As manchetes da época consideraram inaceitável que um Papa dissesse que o Islã é uma religião violenta. Alguns líderes islâmicos chegaram a exigir desculpas de Bento XVI. De nada adiantou o Papa, consternado, afirmar publicamente que se tratava apenas «de uma citação de um texto medieval, que não expressa[va] de modo algum» o seu «pensamento pessoal»; a mídia, implacável, sentenciou que o Papa não pedira desculpas e, portanto, os muçulmanos manteriam os protestos.
Isso tudo aconteceu em 2006. Não me lembro de outra polêmica análoga que se tenha passado de lá para cá; poder-se-ia, então, dizer que, aos olhos do mundo, os muçulmanos e o Ocidente estavam nas mais perfeitas paz e concórdia. Esta era, no entanto, a «tranquilidade enganadora das trevas»! Há poucas semanas, o mundo inteiro assistiu, perplexo, à chacina provocada em Paris. E agora todos já voltam a falar em Islã e violência; e já há, novamente, os que querem retornar ao «silêncio cúmplice» que tem perpetuado os desentendimentos dos últimos séculos e agravado os das últimas décadas.
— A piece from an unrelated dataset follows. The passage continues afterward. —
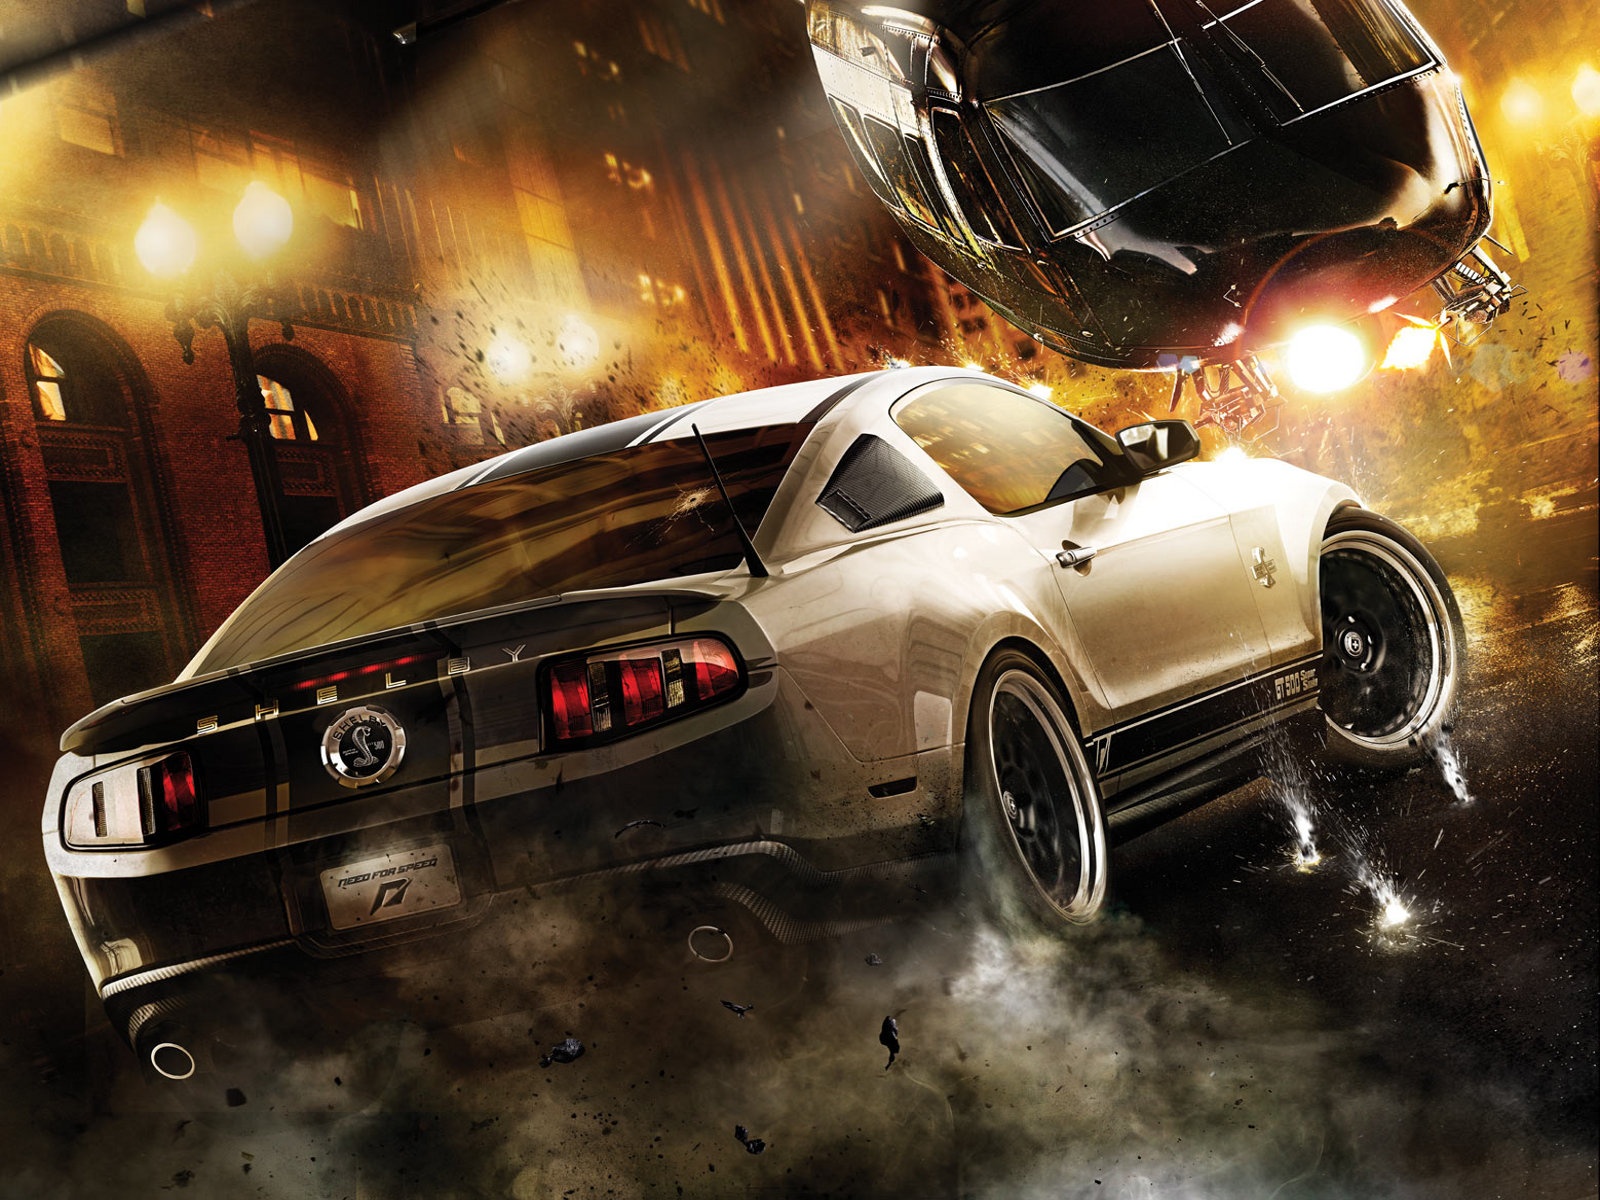 Speed Wallpapers Need For Speed Backgrounds Need For Speed HD 1600x1200

Porque a concordância do mundo – onde cada um é instado à atitude solipsista de encerrar as suas próprias convicções no seu mundo interior – não é e nem pode ser verdadeira concórdia entre os homens. Sufocar a discussão aos gritos de “respeito!”, “respeito!” simplesmente não resolve o problema, como a experiência recente tem mostrado.
«Cada homem e cada povo têm fome e sede de paz», disse o Papa Francisco no já referido discurso: a estratégia de esconder as discórdias, portanto, não pode jamais lograr êxito, posto que não consegue responder verdadeiramente a este anseio natural do homem por paz. Para alcançá-la é por vezes preciso estar disposto à guerra, diziam-nos os antigos; do mesmo modo, para construir a concórdia e a harmonia, é geralmente necessário estar aberto à discussão – e, nisso, parece que temos falhado miseravelmente.